The answer is the data repeated in full, with no pictures included.

Supplied material ::
* * * * * * *

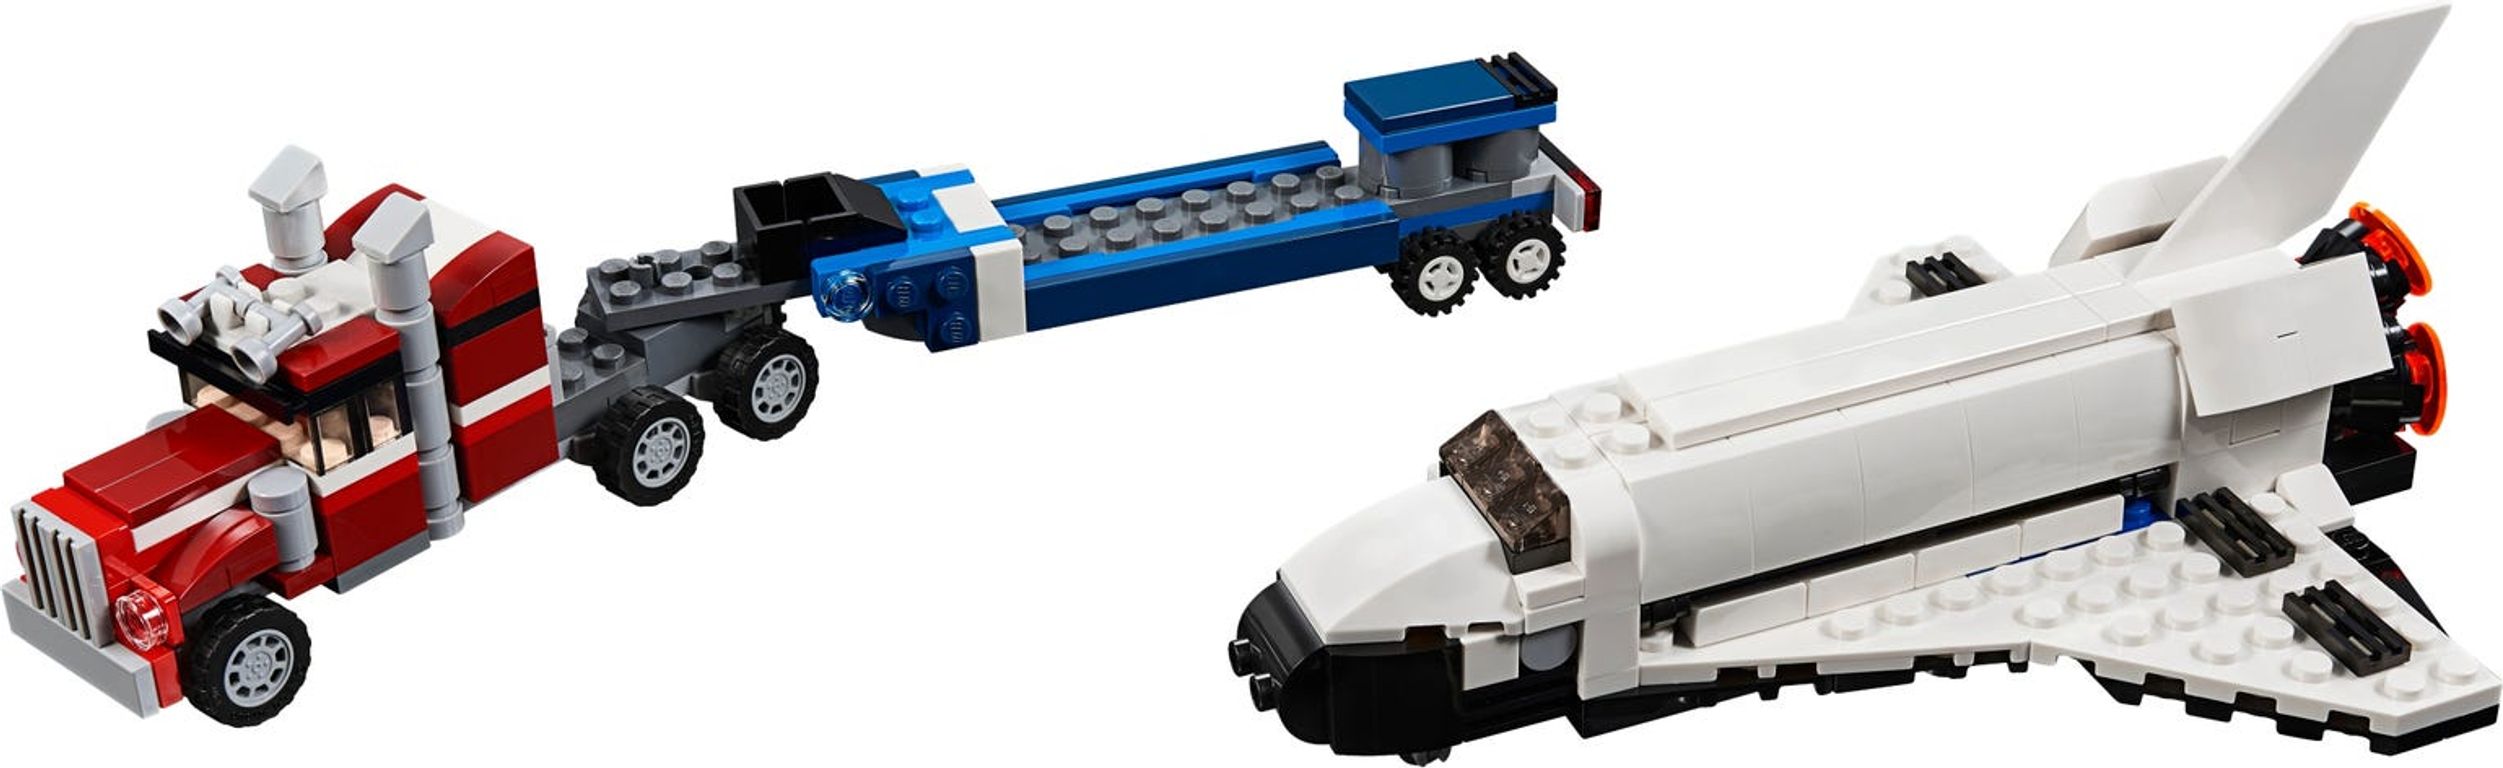 LEGO® Creator Shuttle Transporter components
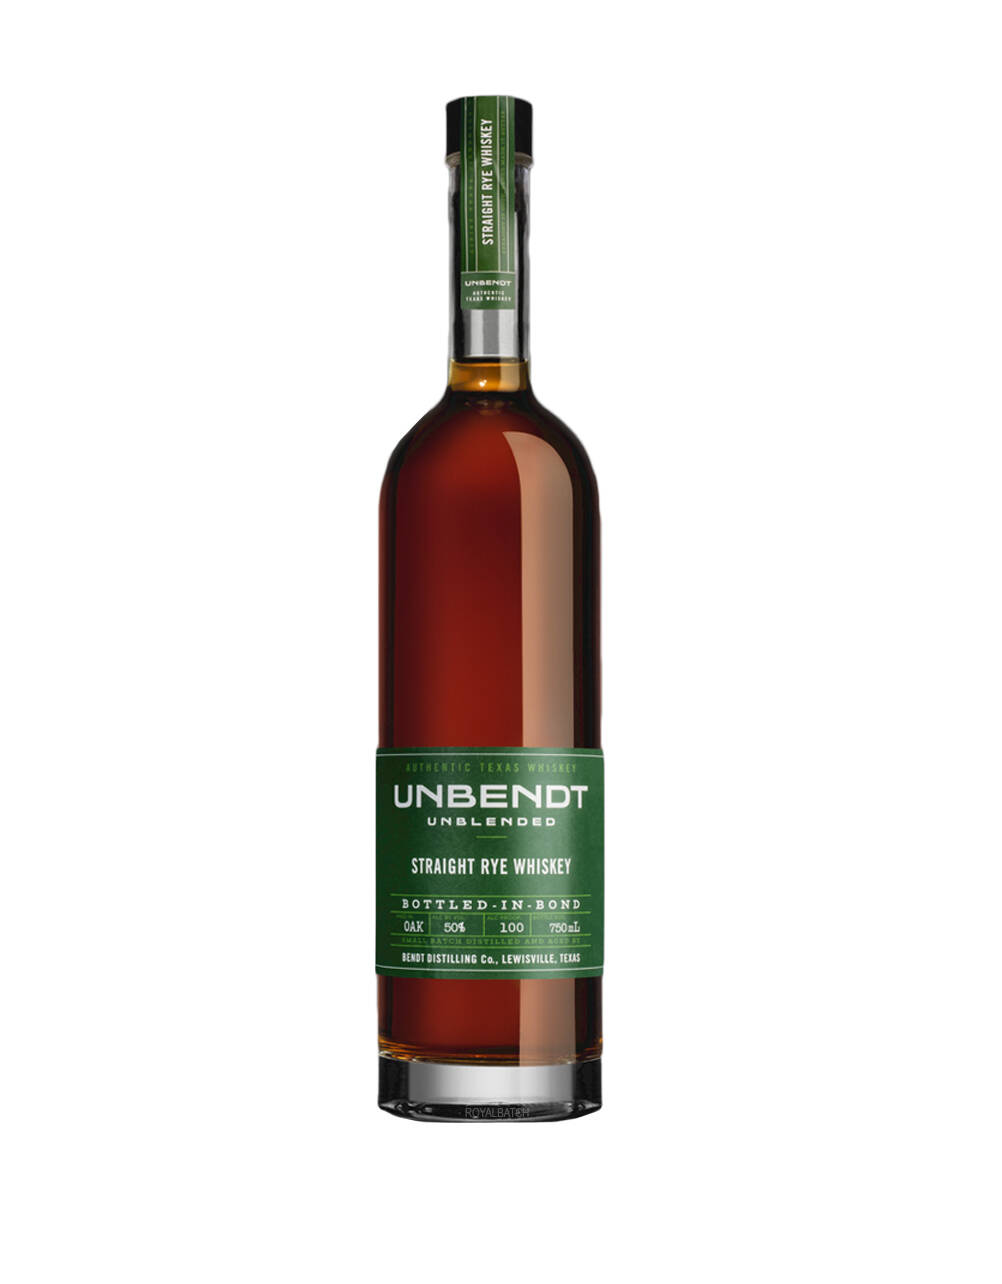 Unbendt Unblended Straight Rye Whiskey
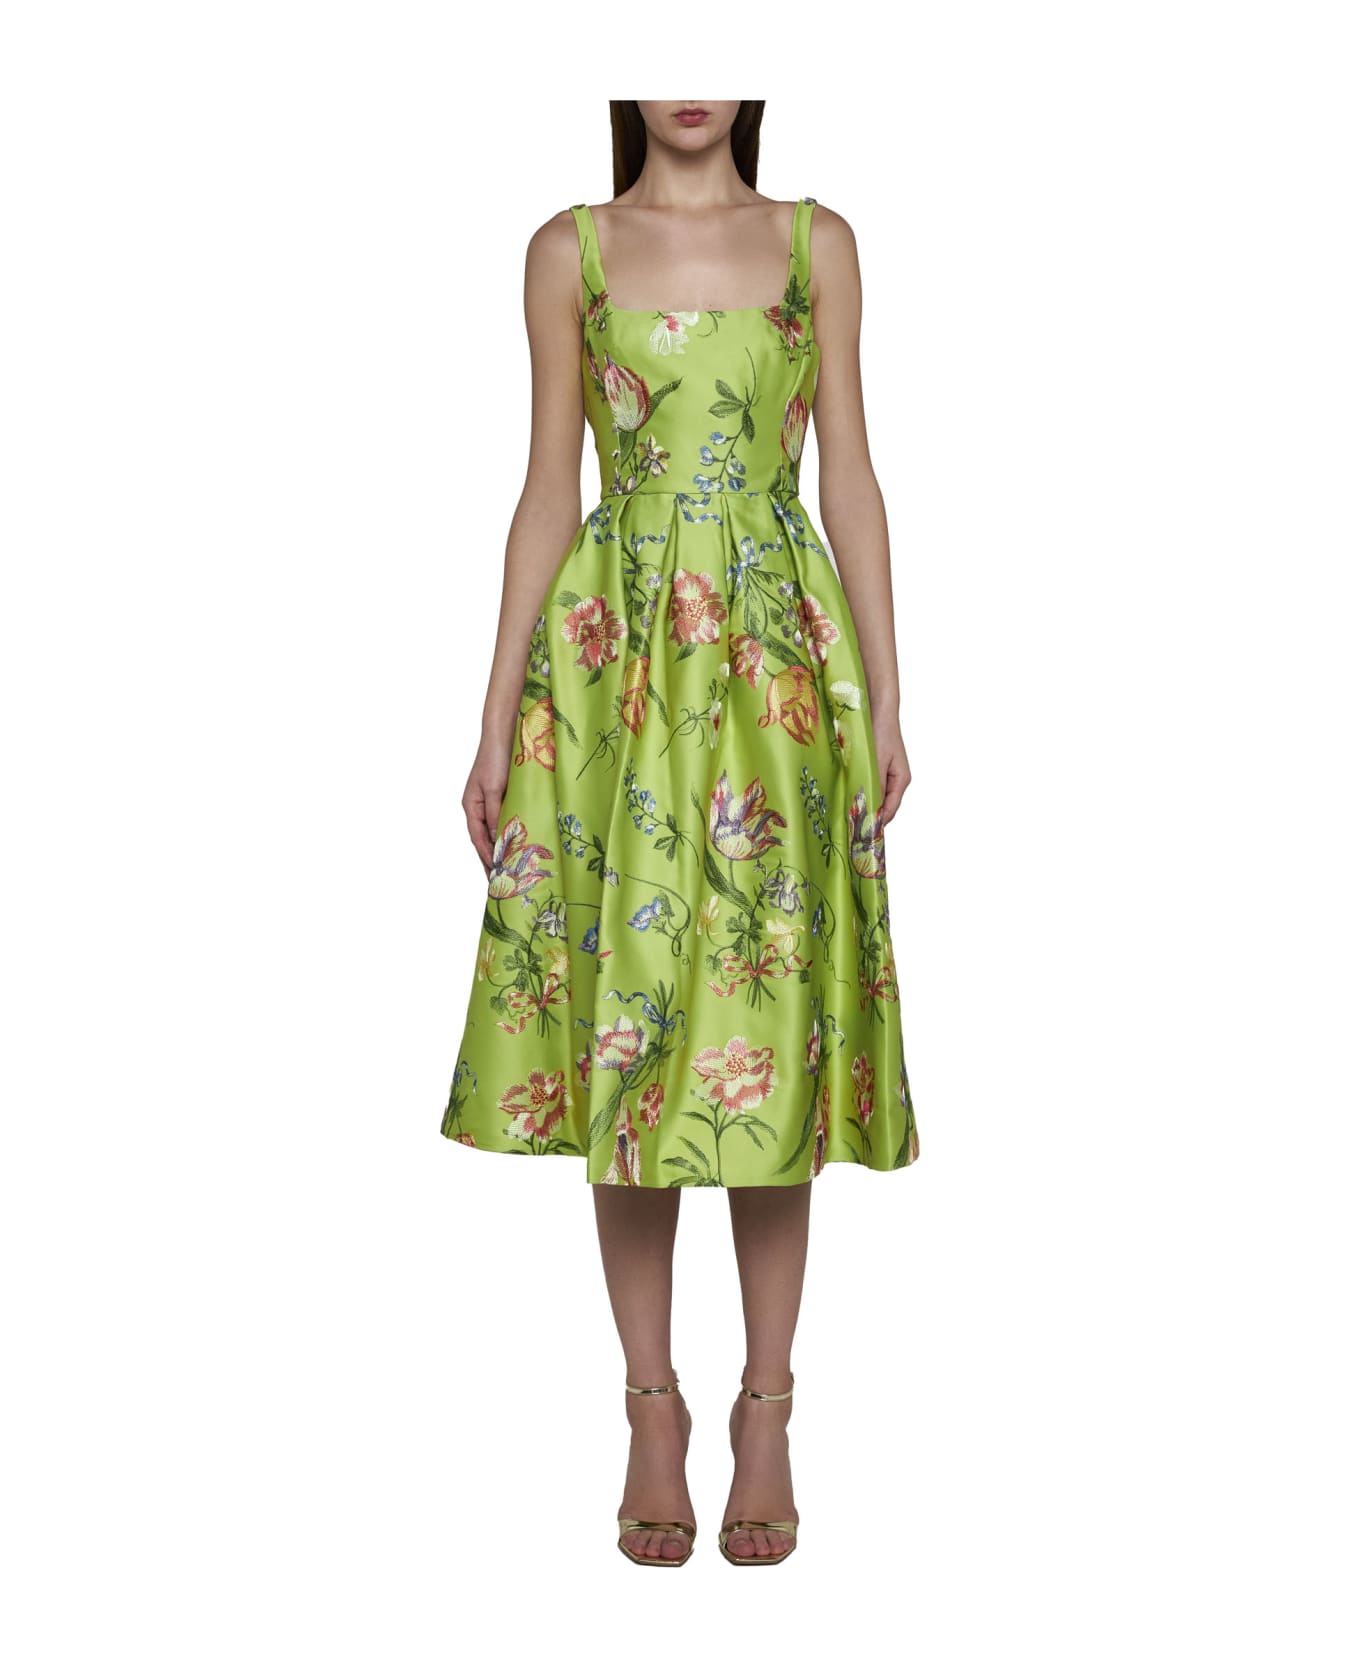 Marchesa Notte Dress - Spring green multi

* * * * * * *

Response to this exercise ::
 LEGO® Creator Shuttle Transporter components
 Unbendt Unblended Straight Rye Whiskey
 Marchesa Notte Dress - Spring green multi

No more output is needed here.